Why Bruhat decomposition in $GL_n$ case is the Gauss decomposition?

Gauss decomposition of a matrix is also called LU decomposition. Let $A$ be a matrix. Then $A=LU$ for some lower triangular matrix $L$ and upper triangular matrix $U$. This can be obtained using Gauss algorithm.

It is said that Bruhat decomposition in $GL_n$ case is the Gauss decomposition. Why Bruhat decomposition in $GL_n$ case is the Gauss decomposition? Thank you very much.

In the case of $GL_2$. We have Bruhat decomposition $GL_2 = \cup_{w \in W} BwB $, where $W$ is the Weyl group, $B$ is the subgroup of $GL_2$ consisting of all upper triangular matrices.


I will try and write this out in a (little) bit more explicit detail using matrices, as I am sort of studying this too.

Given any matrix $M$, we can apply three possible row operations to its rows: multiplying a row by some scalar, adding one row to another, and reordering rows.

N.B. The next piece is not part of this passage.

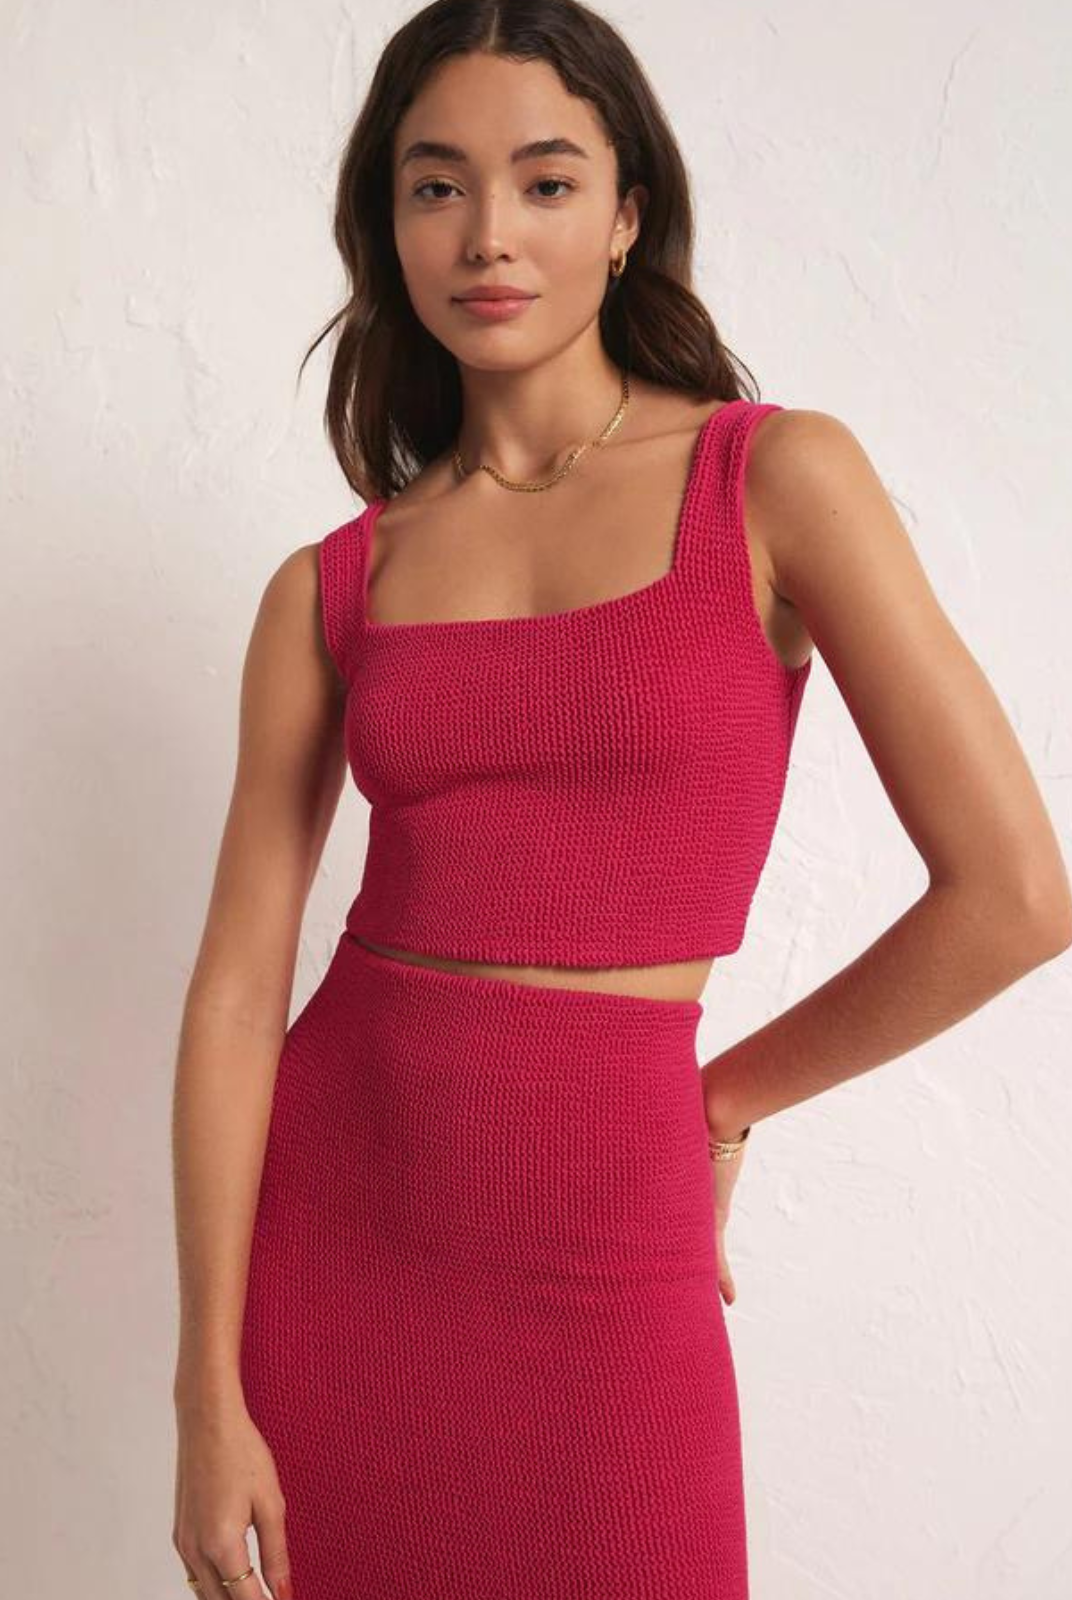 Z Supply Andez Crinkle Knit Tank. Keep it classy with this sleek tank. You'll love the bra friendly straps, flattering squared neckline, and meet and greet length.

Each of these rows corresponds to an elementary matrix, and the last operation in particular corresponds to a permutation matrix $\dot{w}$.

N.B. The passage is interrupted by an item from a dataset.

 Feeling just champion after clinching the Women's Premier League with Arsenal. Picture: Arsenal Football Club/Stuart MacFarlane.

We know from linear algebra that any matrix can always be transformed using these operations into an upper triangular matrix, so the equation $$g = b_1 w b_2$$ essentially boils down to saying "given any invertible matrix $g$, apply $b_1^{-1}$ to it (which should multiply and/or add rows), then apply $w^{-1}$ to the result to reorder rows so that you can get an upper triangular matrix $b_2$".

The row operation of multiplication of row $i$ by $\lambda$ has an elementary matrix given by 1s on the diagonal and the $i$-th diagonal entry $\lambda$. The row operation of adding $\lambda$ multiplied by row $i$ to row $j$ is given by the identity matrix plus a matrix with the $(j,i)$ entry being $\lambda$ (and zero elsewhere). The wikipedia page sums this up much better than I just did.

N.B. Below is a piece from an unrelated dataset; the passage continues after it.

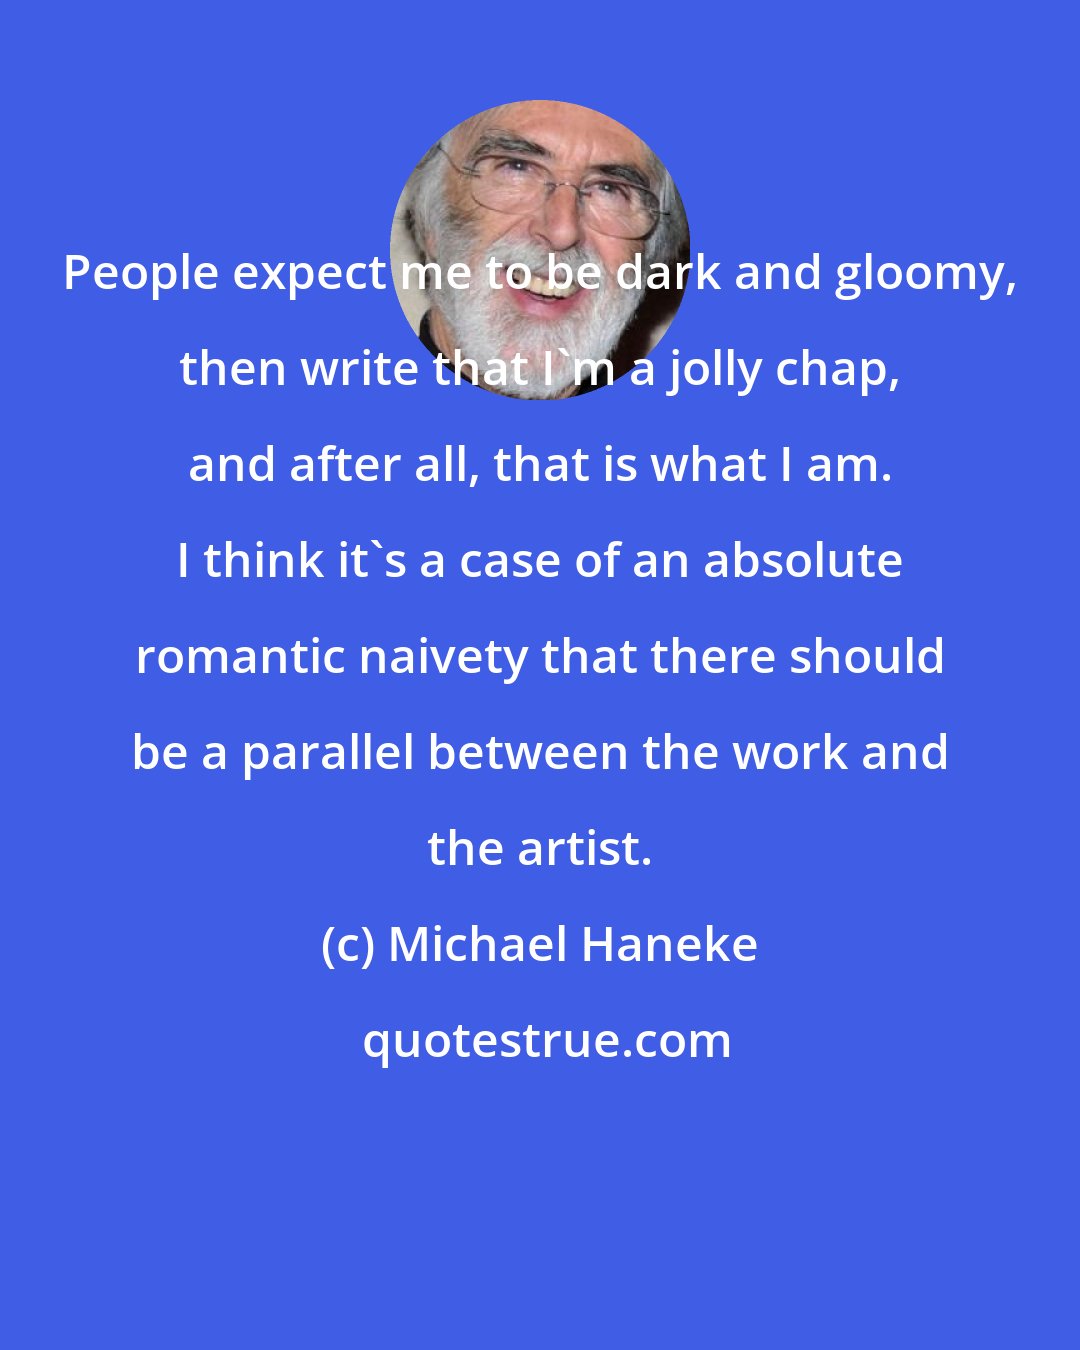 Michael Haneke: People expect me to be dark and gloomy, then write that I'm a jolly chap, and after all, that is what I am. I think it's a case of an absolute romantic naivety that there should be a parallel between the work and the artist.

If in particular we restrict to only adding 'lower' rows of the matrix to 'higher' rows (that is, we add row $i$ to row $j$ when $i > j$), then the corresponding elementary matrix is an upper triangular matrix.

So, given an invertible matrix $g$, we only add lower rows to higher rows, and scale rows, to give a sequence of elementary matrices $E_1 E_2 \dots E_r$ (in fact, there are a finite number of the elementary matrices by the invertible matrix theorem). These are all upper triangular, so their product is the required $b_1^{-1}$ from before. It's also fine to restrict the row addition operation to only adding lower to higher, since reordering will take care of the rest.

This gives the desired correspondence between Gaussian elimination and the Bruhat decomposition for $GL_n$. Since the given echelon form $b_2$ is can be reached through an essentially unique order of applying the elementary matrices, this decomposition is also bijective.

As far as I can tell, the actual proof requires an inductive argument (I looked at this SE question and the comments of this MO discussion), but I don't think that's entirely necessary to get the general gist of the Bruhat decomposition for type A. Feedback on my answer is welcome, but I'm pretty sure I've covered the main idea behind this bijection.